In Vitro and In Vivo Evaluation of Toxicity of Structurally Different Diamond-Like Carbon Wear Debris in Joint Replacements.

ABSTRACT

Diamond-like carbon (DLC) wear debris, which is often composed of different types of structures, is generated from DLC-modified artificial joints in the human body, and its biocompatibility evaluation is especially important to prevent wear-debris-induced implant failure. Here, RAW 264.7 macrophages (inflammatory-reaction assay) and primary mouse osteoblasts (osteoblastogenesis assay) were employed to investigate the toxicity of DLC wear particles (DWPs) by evaluation of cell viability and morphology, enzyme-linked immunosorbent assays, and quantitative reverse-transcription polymerase chain reaction (PCR).
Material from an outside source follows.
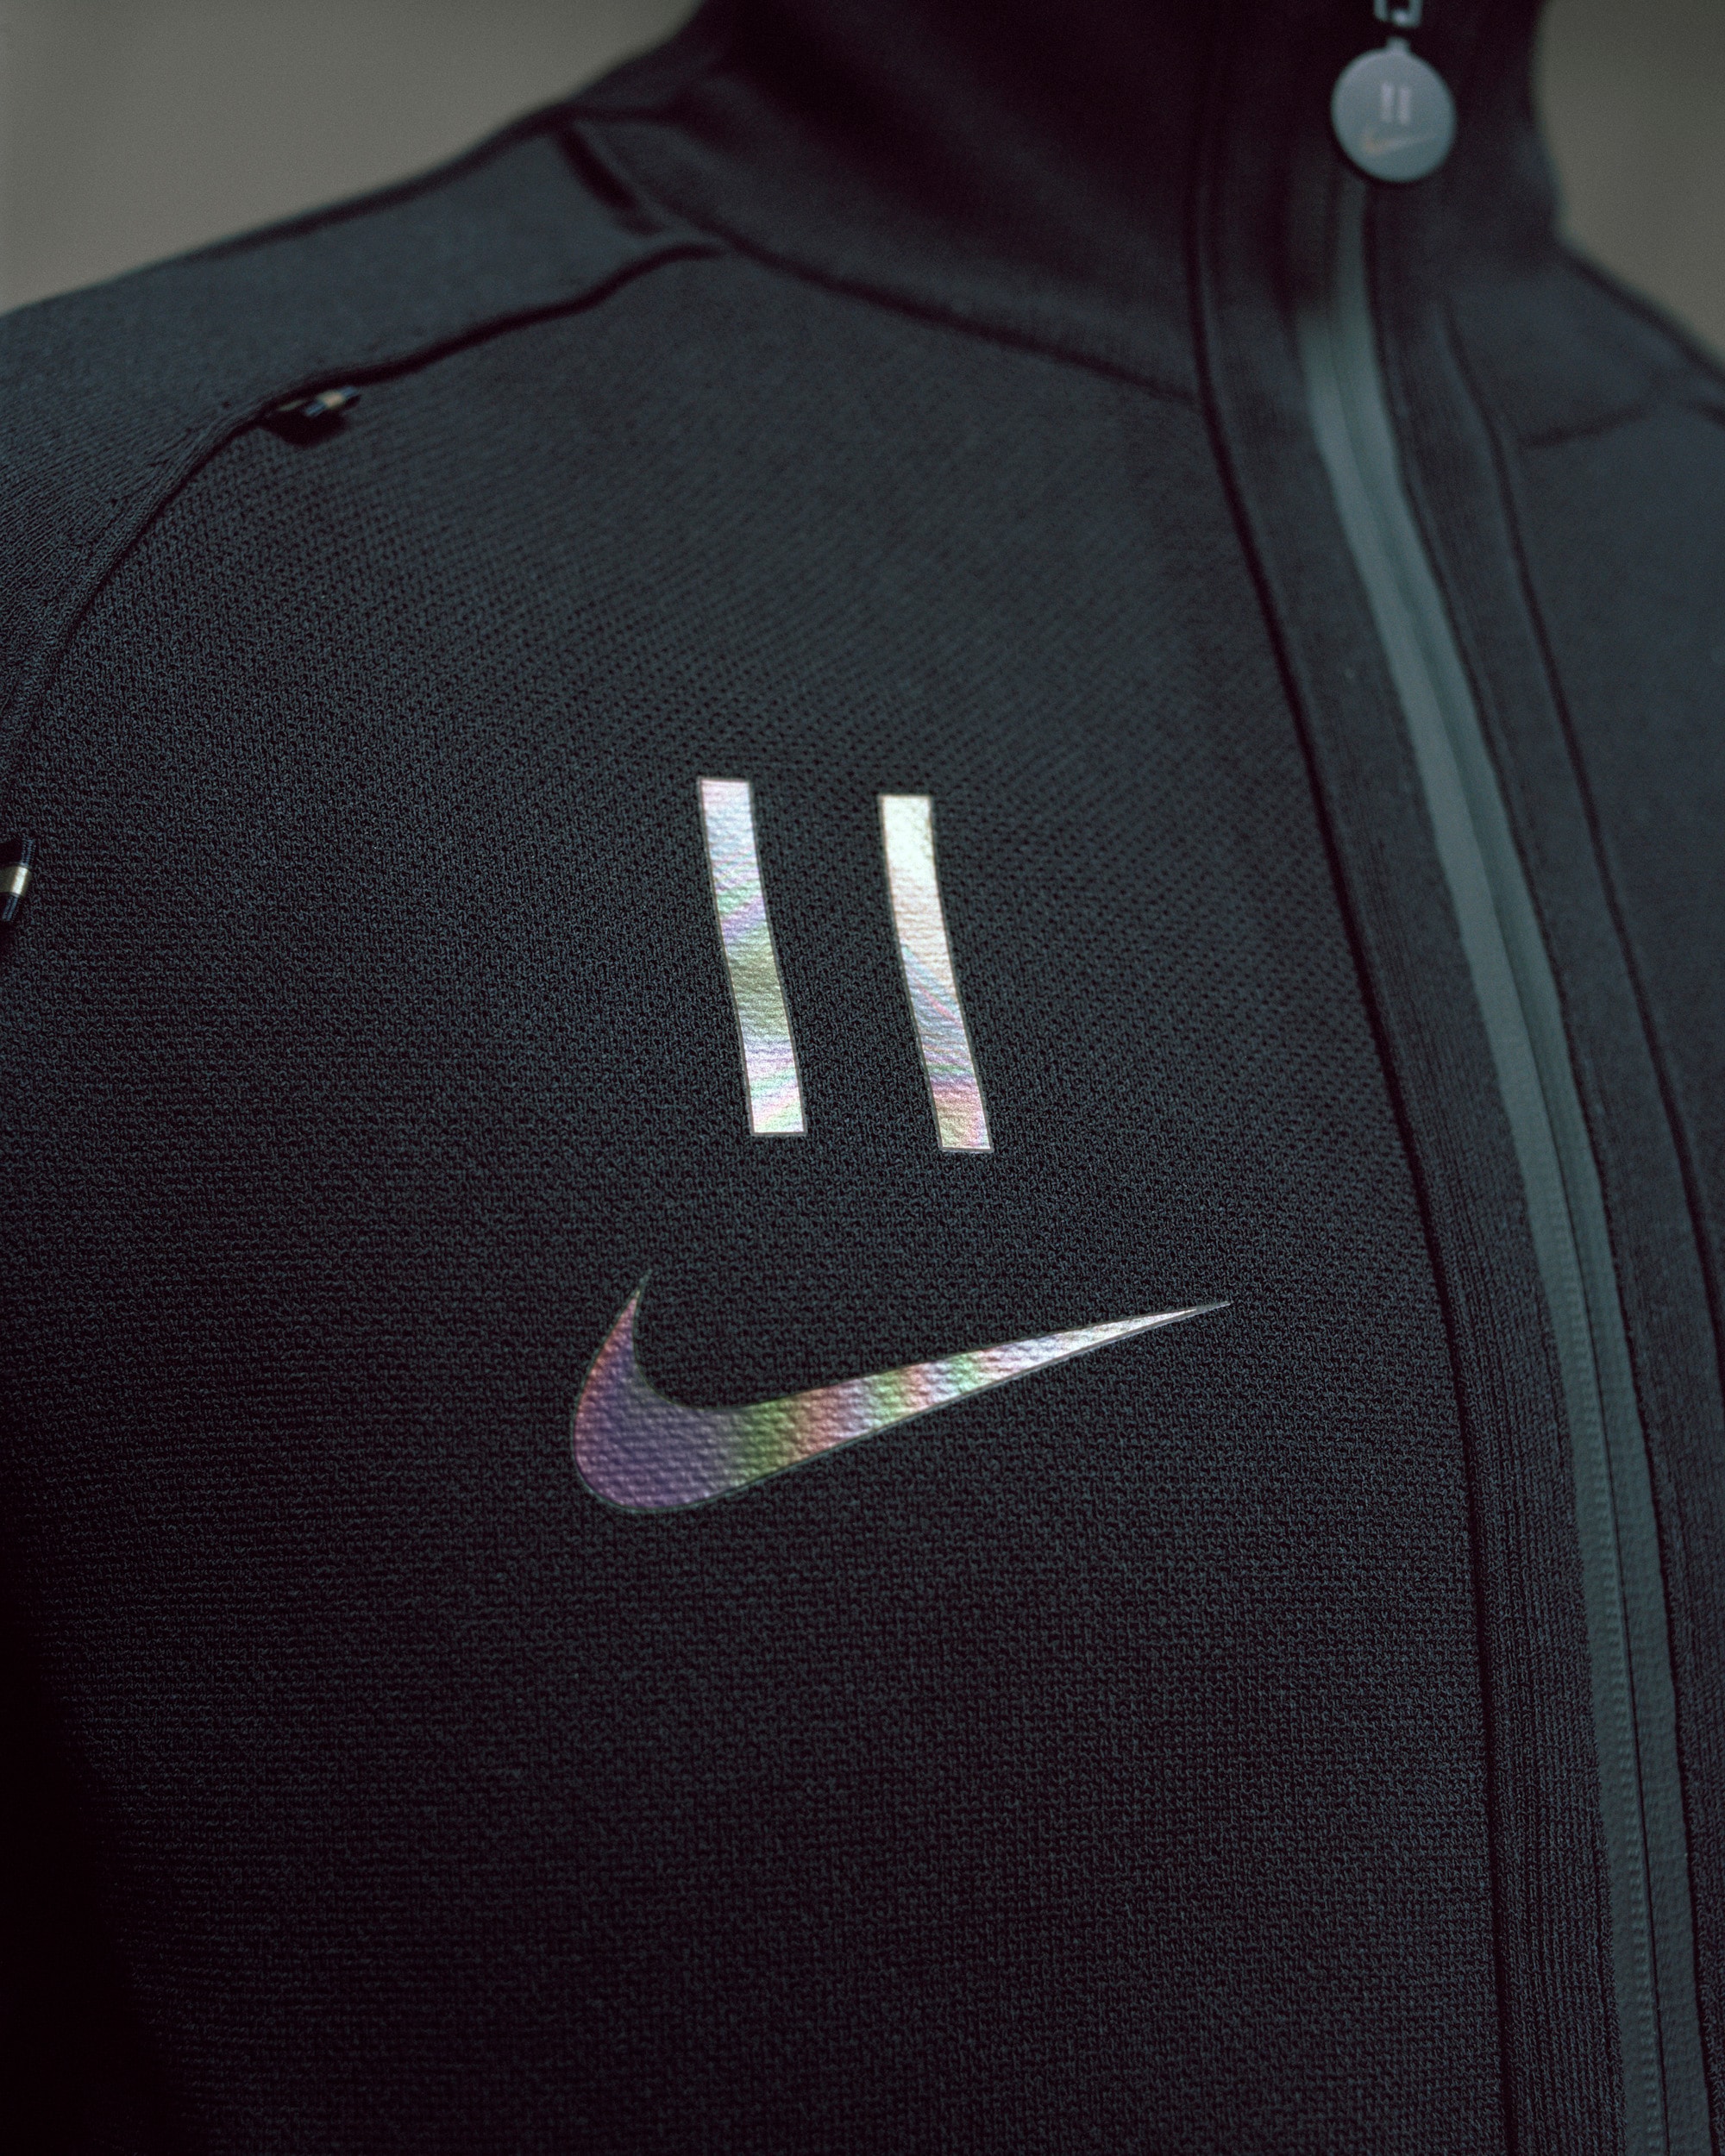 Nike x Kim Jones 聯名「Football Reimagined」系列正式發布

Relevant histopathological analysis of rat joints was also performed in vivo. We found that DWPs with a relatively high sp2/sp3 ratio (graphite-phase tendency) manifested a higher cytotoxicity and significant inhibition of osteoblastogenesis. DWPs with a relatively low sp2/sp3 ratio (diamond-phase tendency) showed good biocompatibility in vivo. The DWPs exhibiting a low sp2/sp3 ratio demonstrated reduced secretion of TNF-α and IL-6, along with increased secretion of TIMP-1, resulting in the downregulation of MMP-2 and MMP-9 and upregulation of interleukin-10 (IL-10), thereby attenuating the inflammatory response. Moreover, coculturing osteoblasts with DWPs exhibiting a low sp2/sp3 ratio resulted in an elevated OPG/RANKL ratio and increased expression of OPG mRNA. Because of the absence of electrostatic repulsion, DWPs with a relatively low sp2/sp3 ratio enhanced bovine serum albumin adsorption, which favored cellular activities. Cytotoxicity assessment of DWPs can help establish an evaluation system for particle-related joint disease and can facilitate the clinical application of DLC-coated prostheses.